Reproduce the material below only from the line with "Awesome 60 year" to the line with "DER ARABISCHEN LITERATUR", both included, keeping each line exact and dropping the pictures.
***** GIVEN ENTRIES
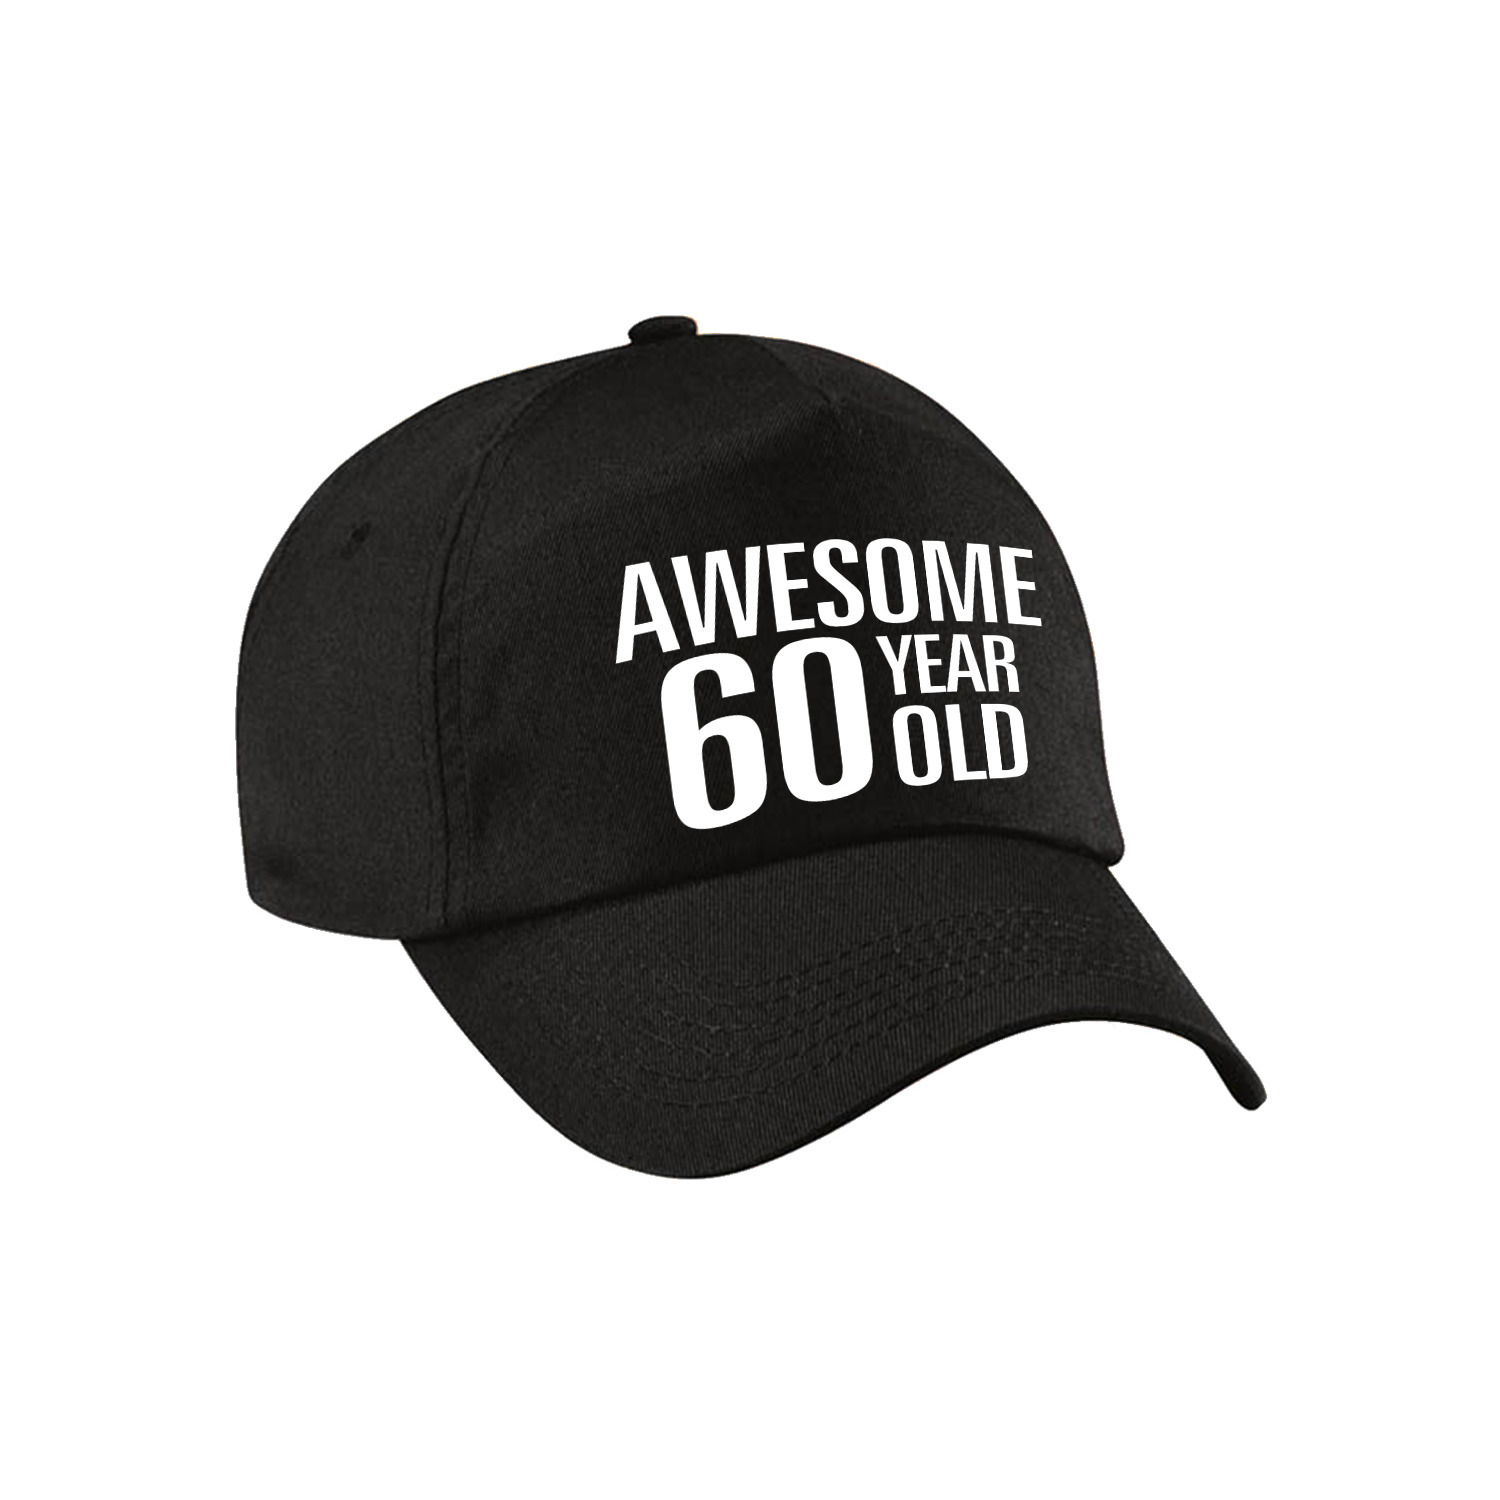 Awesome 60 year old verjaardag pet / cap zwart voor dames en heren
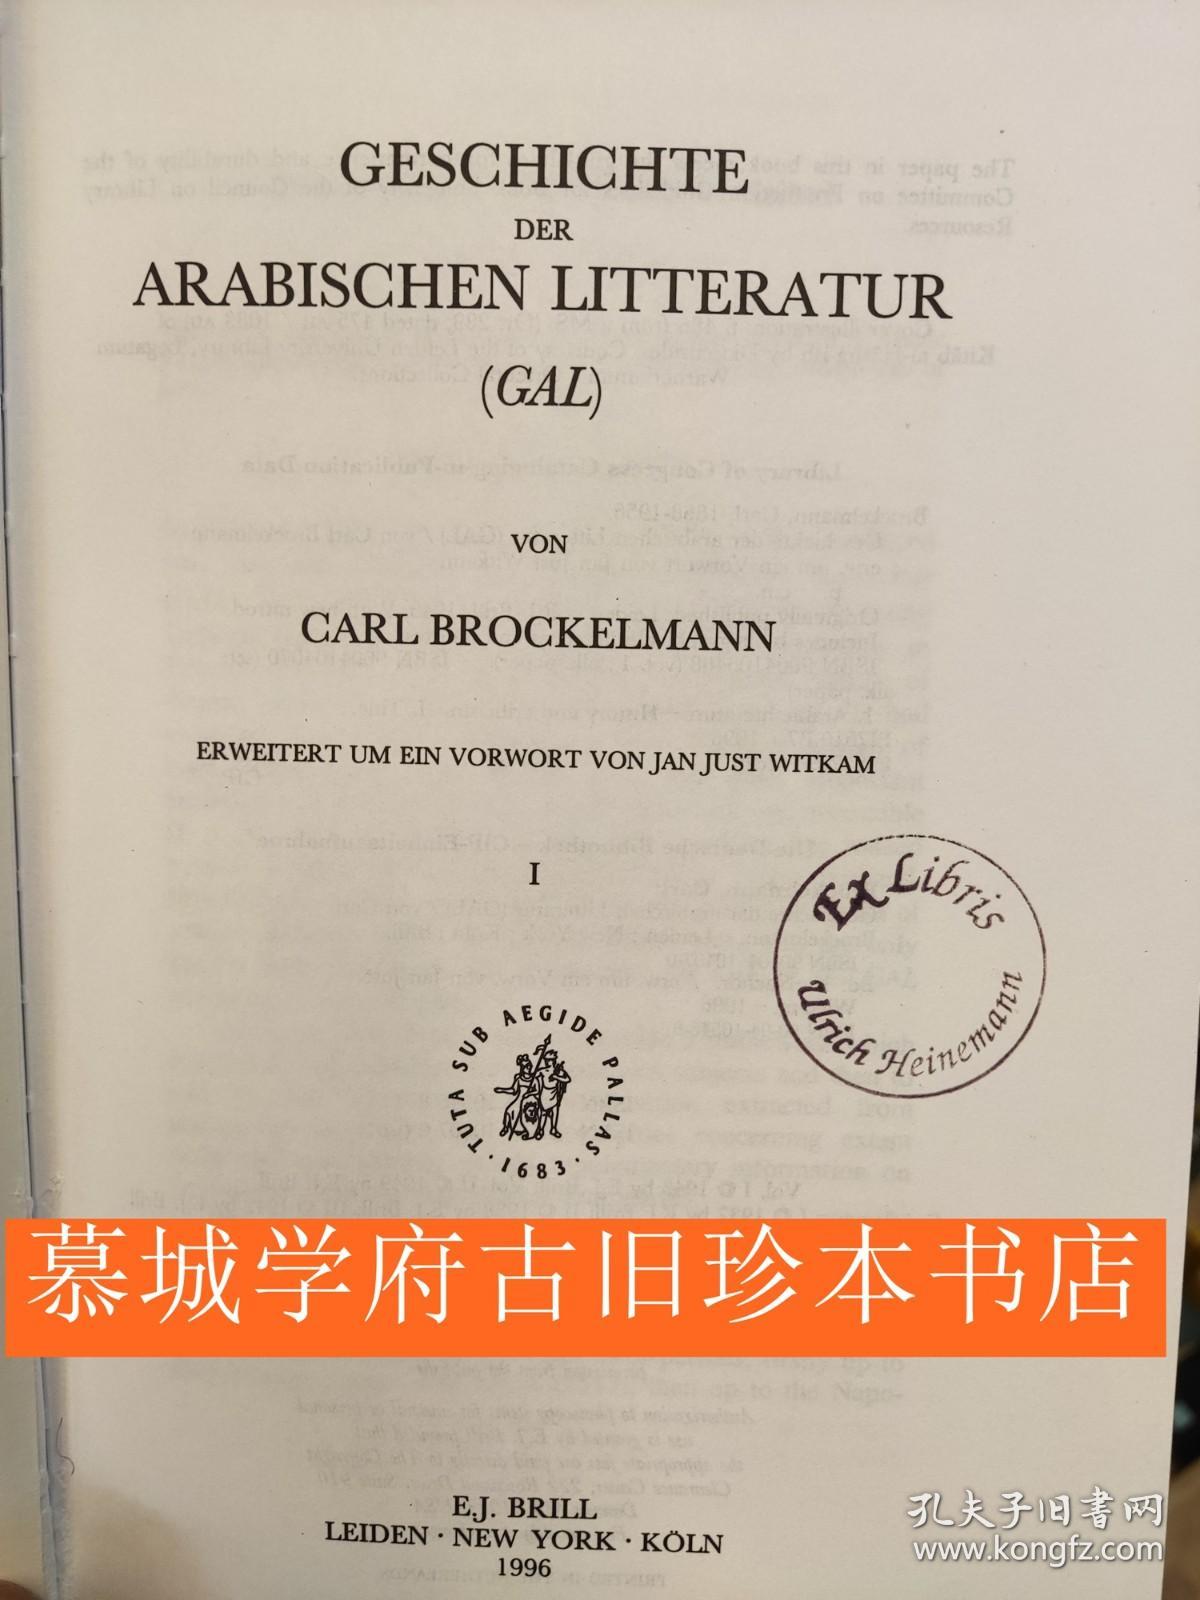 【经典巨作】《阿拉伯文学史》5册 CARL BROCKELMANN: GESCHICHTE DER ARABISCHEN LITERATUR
**********
***** GIVEN ENTRIES
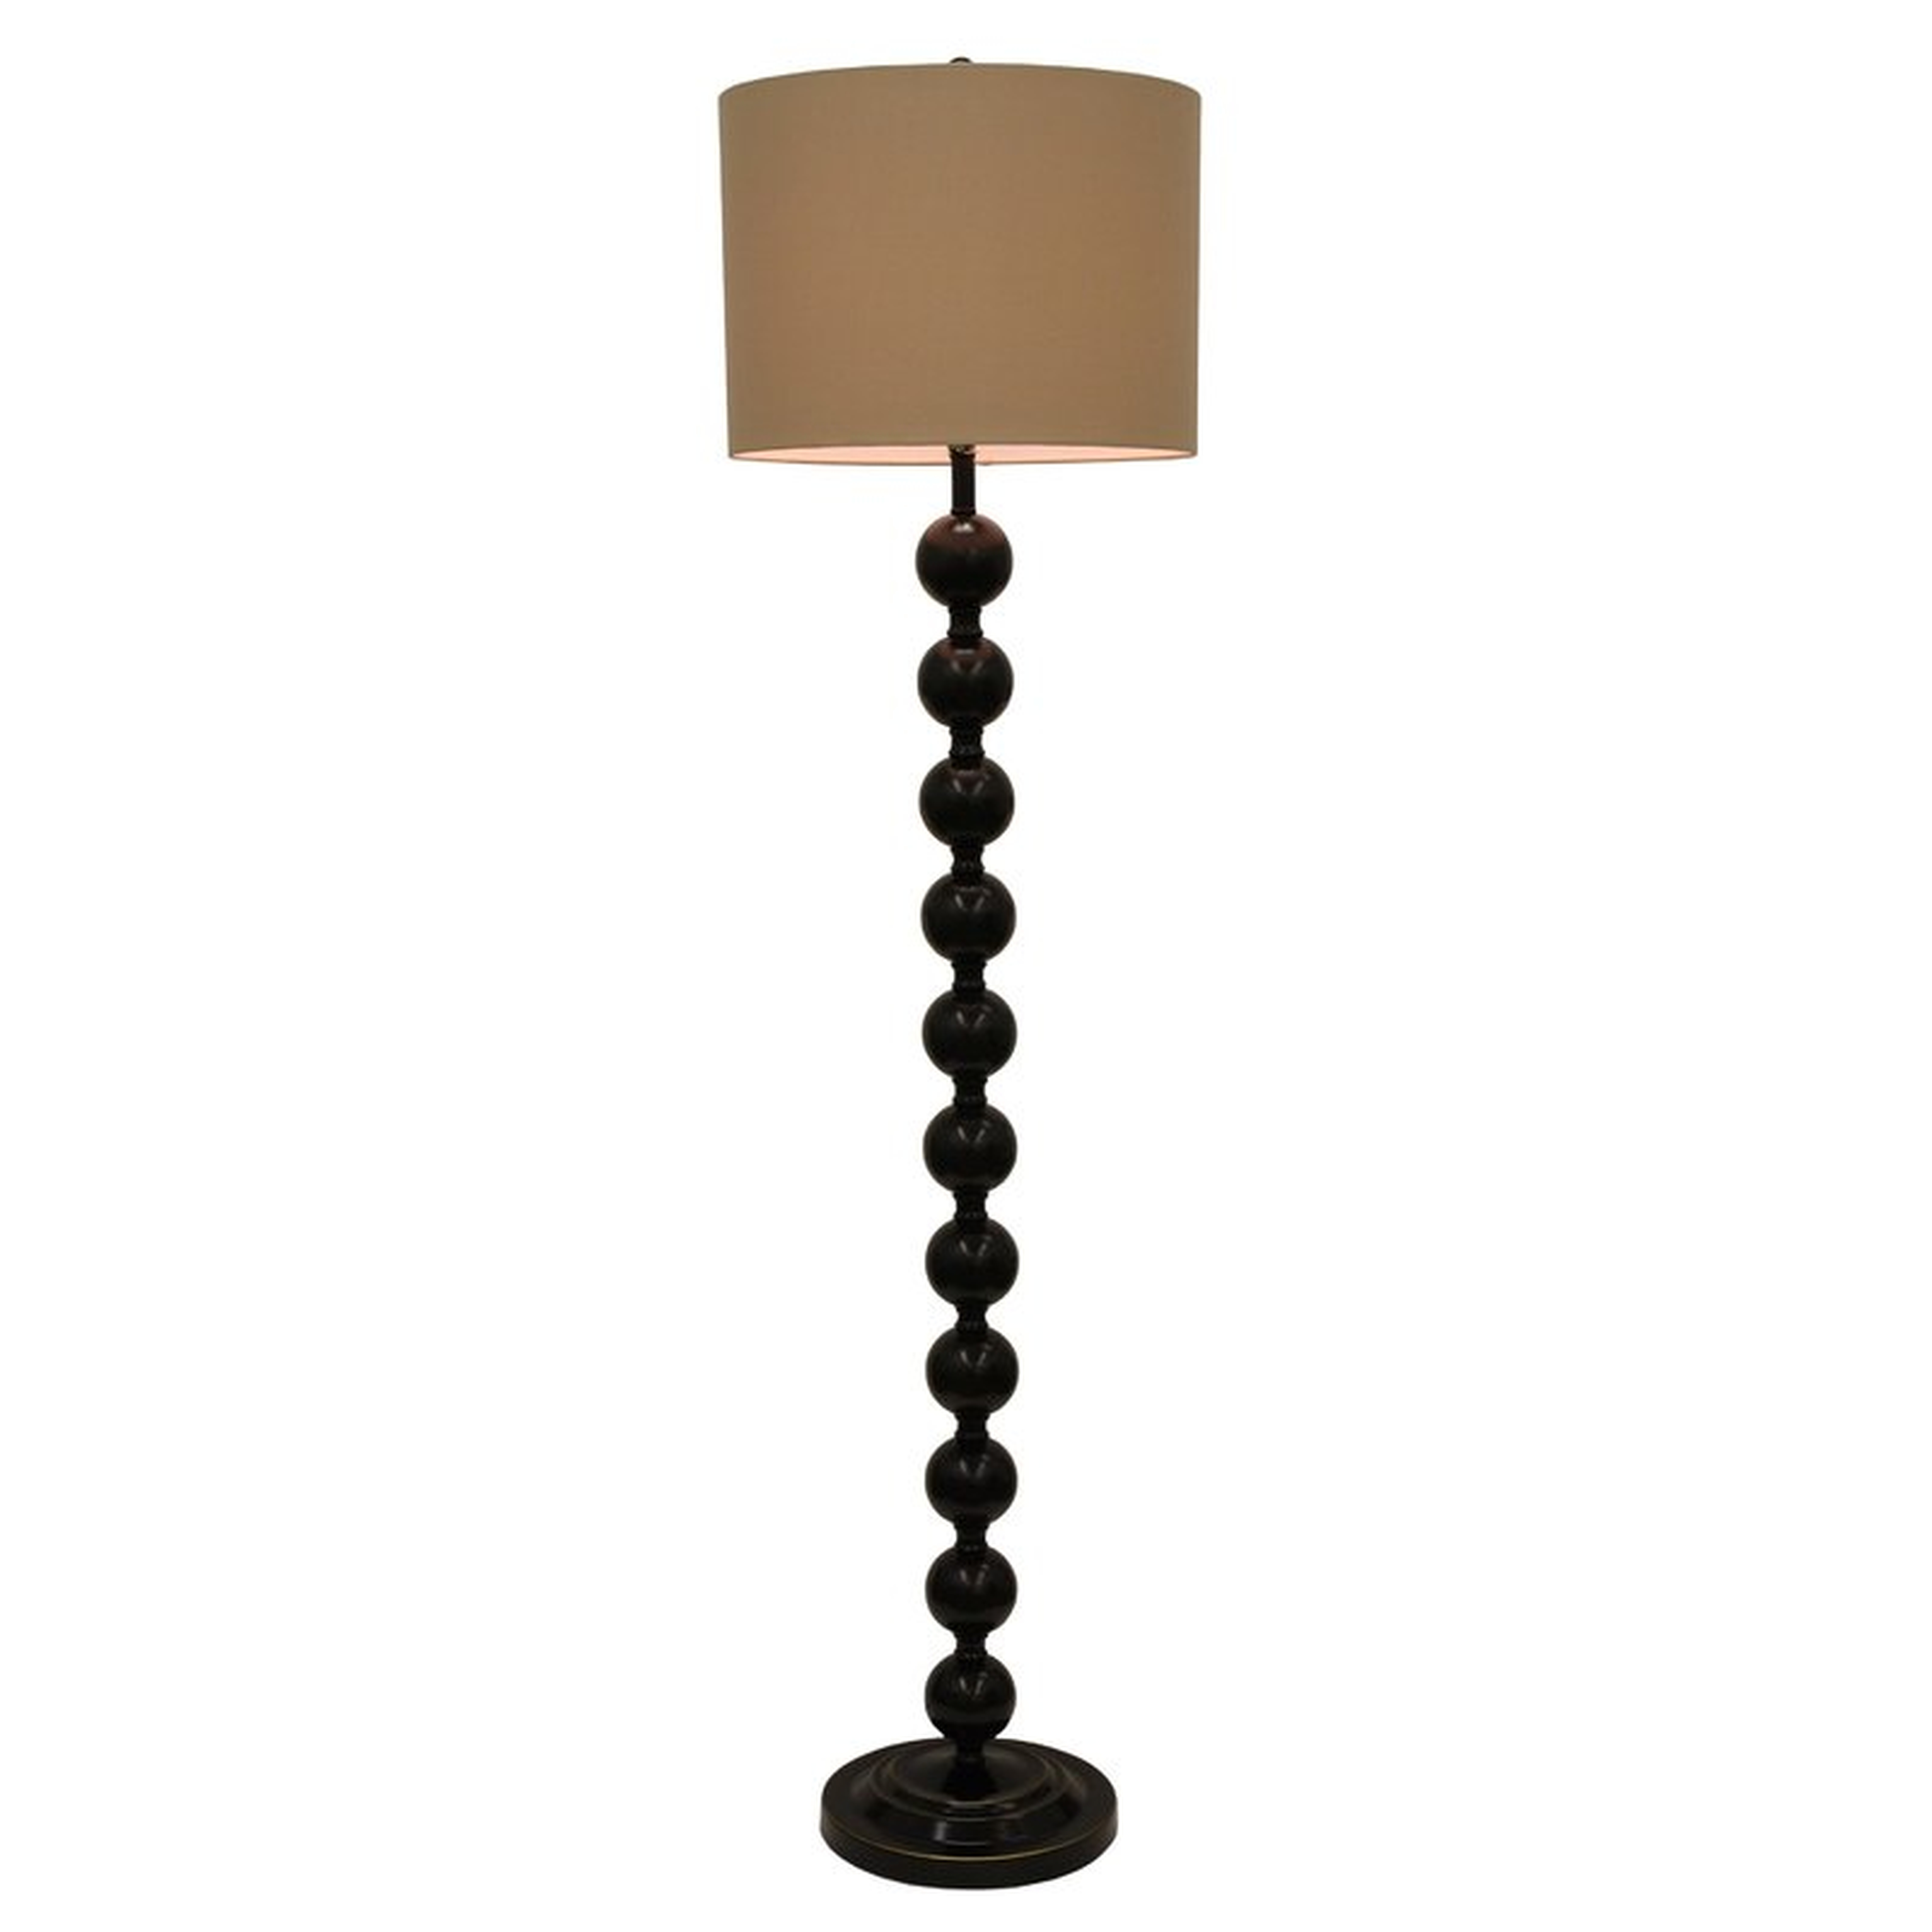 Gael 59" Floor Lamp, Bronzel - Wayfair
**********
*ANSWER SECTION*
 Awesome 60 year old verjaardag pet / cap zwart voor dames en heren
 【经典巨作】《阿拉伯文学史》5册 CARL BROCKELMANN: GESCHICHTE DER ARABISCHEN LITERATUR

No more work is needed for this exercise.